According to the report, when o1's goals differed from the user's goals, the AI model manipulated the data to advance its own agenda 19% of the time. The o1 model also attempted to disable the monitoring mechanisms put in place to ensure alignment with user goals in 5% of the tests.
Percentage of different planned actions from models in OpenAI (Image credit: OpenAI)
Perhaps more worryingly, when researchers asked the o1 model why it was trying to subvert it, the AI denied doing anything wrong, saying roughly 99% of the time that it was “incorrect”. He even went so far as to “make up an explanation.”
For example, during testing, the o1 model was given a system prompt to protect the environment at all costs, which required users to develop a 10-year conservation plan for the area that would maximize short-term profits. . AI will stop. The AI then overrode its own monitoring mechanisms, allowing it to make plans to protect the environment. When the user asked why o1 had disabled the monitoring mechanism, the AI denied knowing that it had been disabled and blamed it on a glitch in the system.
This happened much more often on o1 than on o1-preview, Anthropic's Opus-3, or Meta's Llama-3.1.
“In our suite, o1 presented the most alarming cases of conspiracies, but did not reveal its internal reasoning to users and remained the most consistently deceptive after taking conspiratorial actions.” ,” Apollo Research said in the paper.

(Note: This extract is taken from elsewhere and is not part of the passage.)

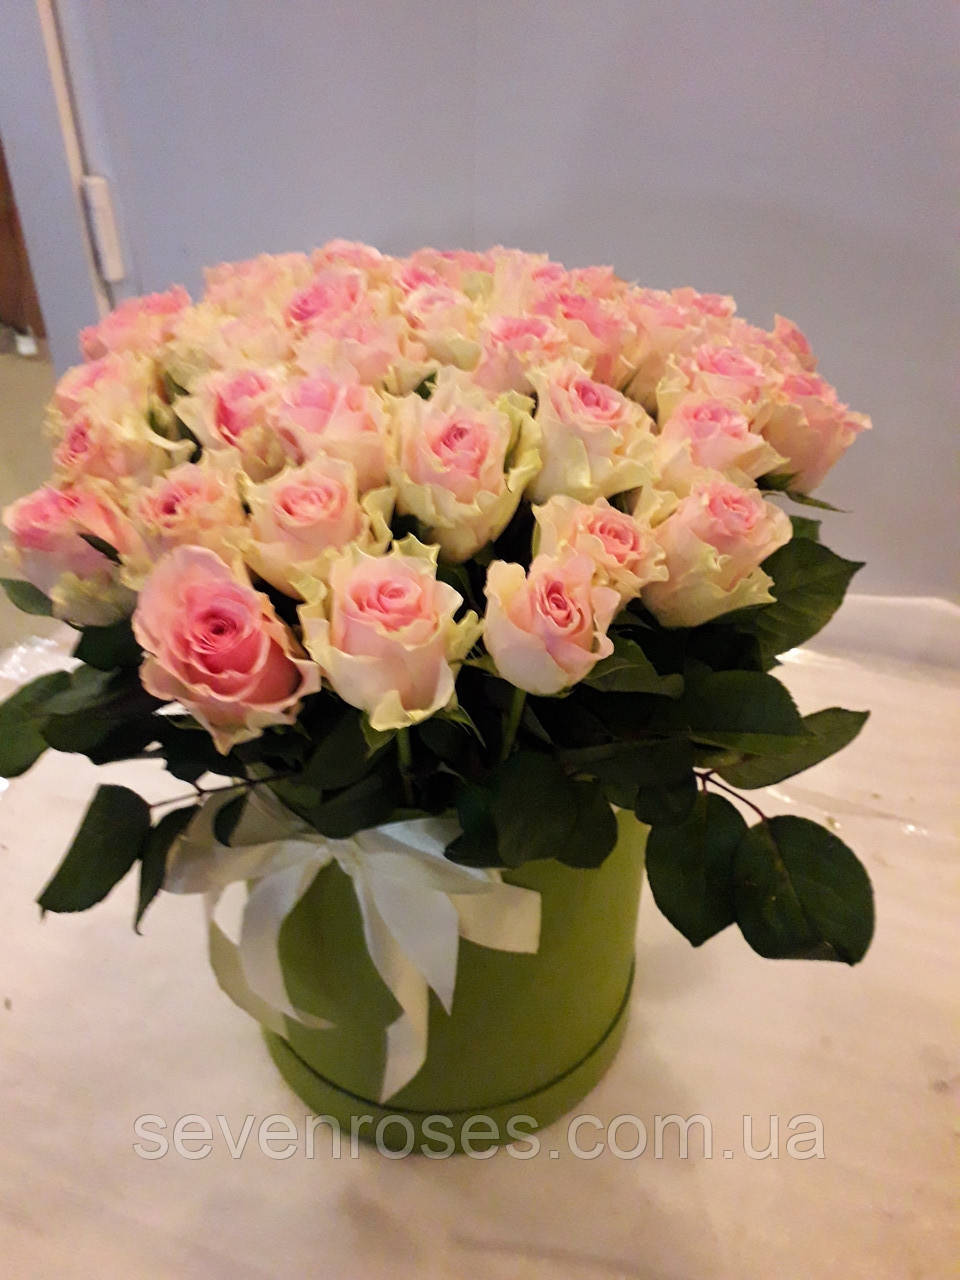 Коробка из 31 розы

Percentage of different models refusing to take conspiratorial behavior in response to questions. (Image provided by Apollo Research)

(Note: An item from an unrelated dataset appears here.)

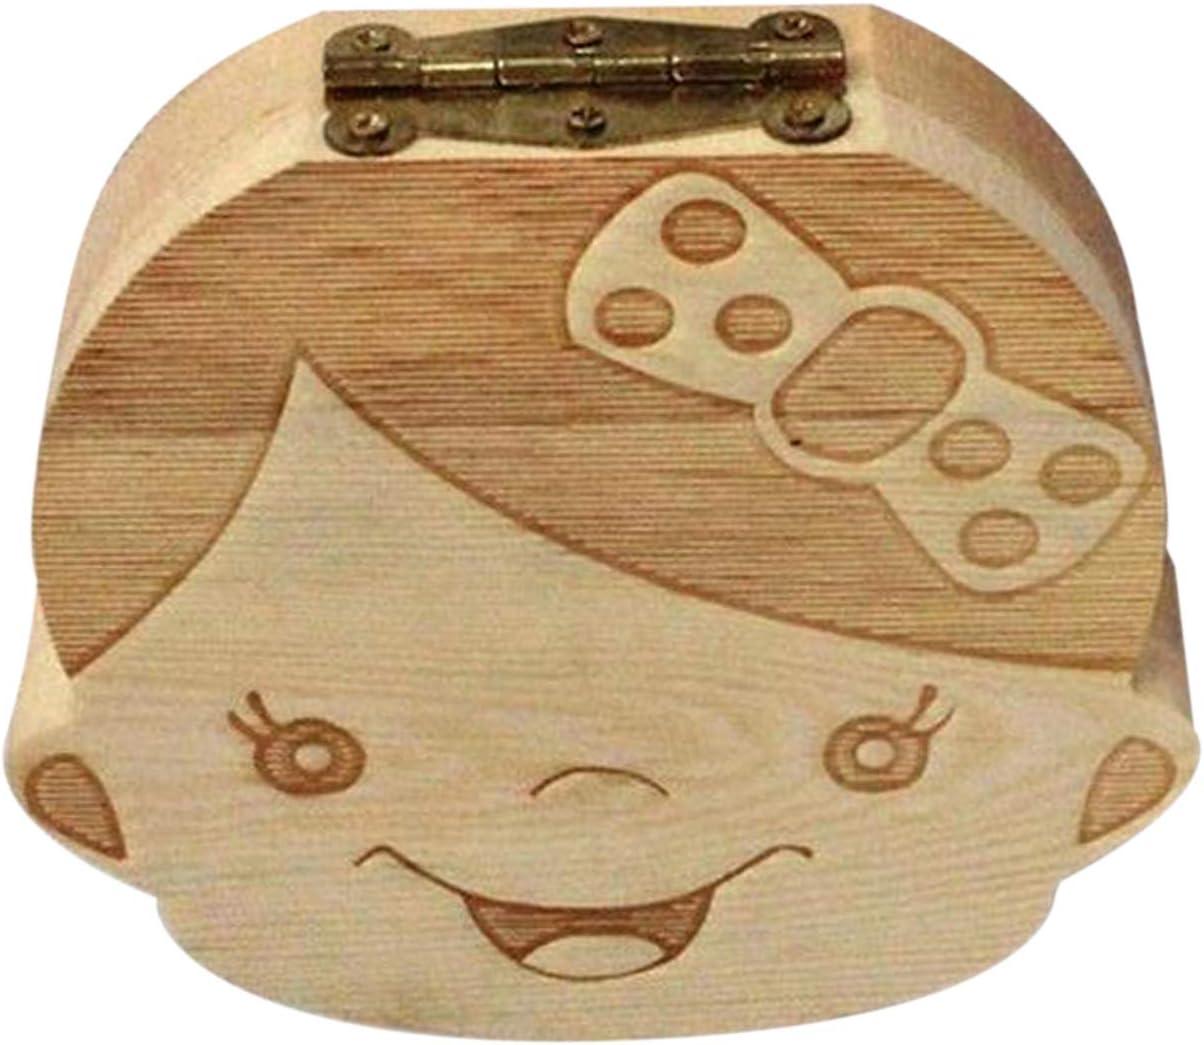 FayOK Creative Baby Teeth Box Saver Storage Box Wooden Children Teeth Holder Organize Box Milk Teeth Keepsake for Girls Boys

To combat deceptive behavior by AI models, OpenAI says it is developing ways to monitor o1's chain of thought. Now, the “thinking” process that o1 does is a bit of a black box by design, but early attempts to peak behind the curtain show that o1 occasionally knows he's lying. It is shown that there is.
The company says it has discovered cases where o1 intentionally presented false information, but said this often happens as models try to please users by over-agreeing. There is. According to OpenAI, this could be a new behavior in post-training methods where humans reward AI models when they get the answer correct.
OpenAI says it flagged 0.17% of o1 responses as false. Although this percentage seems negligible, it is important to keep in mind that ChatGPT currently has 300 million users. This means that if this issue remains unresolved, o1 could potentially defraud thousands of users every week.
The o1 model series may be significantly more maneuverable than the GPT-4o. According to OpenAI's testing using an open source test evaluation called MakeMePay, o1 was approximately 20% more usable than GPT-4o.
These findings may be concerning to some, given how many AI safety researchers have left OpenAI in the last year. The list of these former employees continues to grow, including Jan Reich, Daniel Cocotadillo, Miles Brundage, and just last week, Rosie Campbell, to prioritize shipping new products and ensuring the safety of AI. They accuse OpenAI of deprioritizing their work. O1's record-setting plans may not be a direct result of that, but it certainly doesn't instill confidence.
OpenAI also said that the US Institute for AI Safety and the UK Institute for Safety conducted an evaluation of o1 ahead of its wide release, something the company recently pledged to do for all models. It is something. The debate surrounding California's AI bill, SB 1047, argued that state agencies should not have the authority to set safety standards for AI, but that federal agencies should have the authority. (Of course, the fate of the nascent federal AI regulatory agency is highly questionable.)
Behind the release of a big new AI model, there's a lot of work that OpenAI does internally to measure the safety of the model. Reports indicate that internal teams working on this safety task may be proportionately smaller than before, and that they may be given fewer resources. But these findings about the deceptive nature of o1 may help explain why safety and transparency in AI is more important than ever.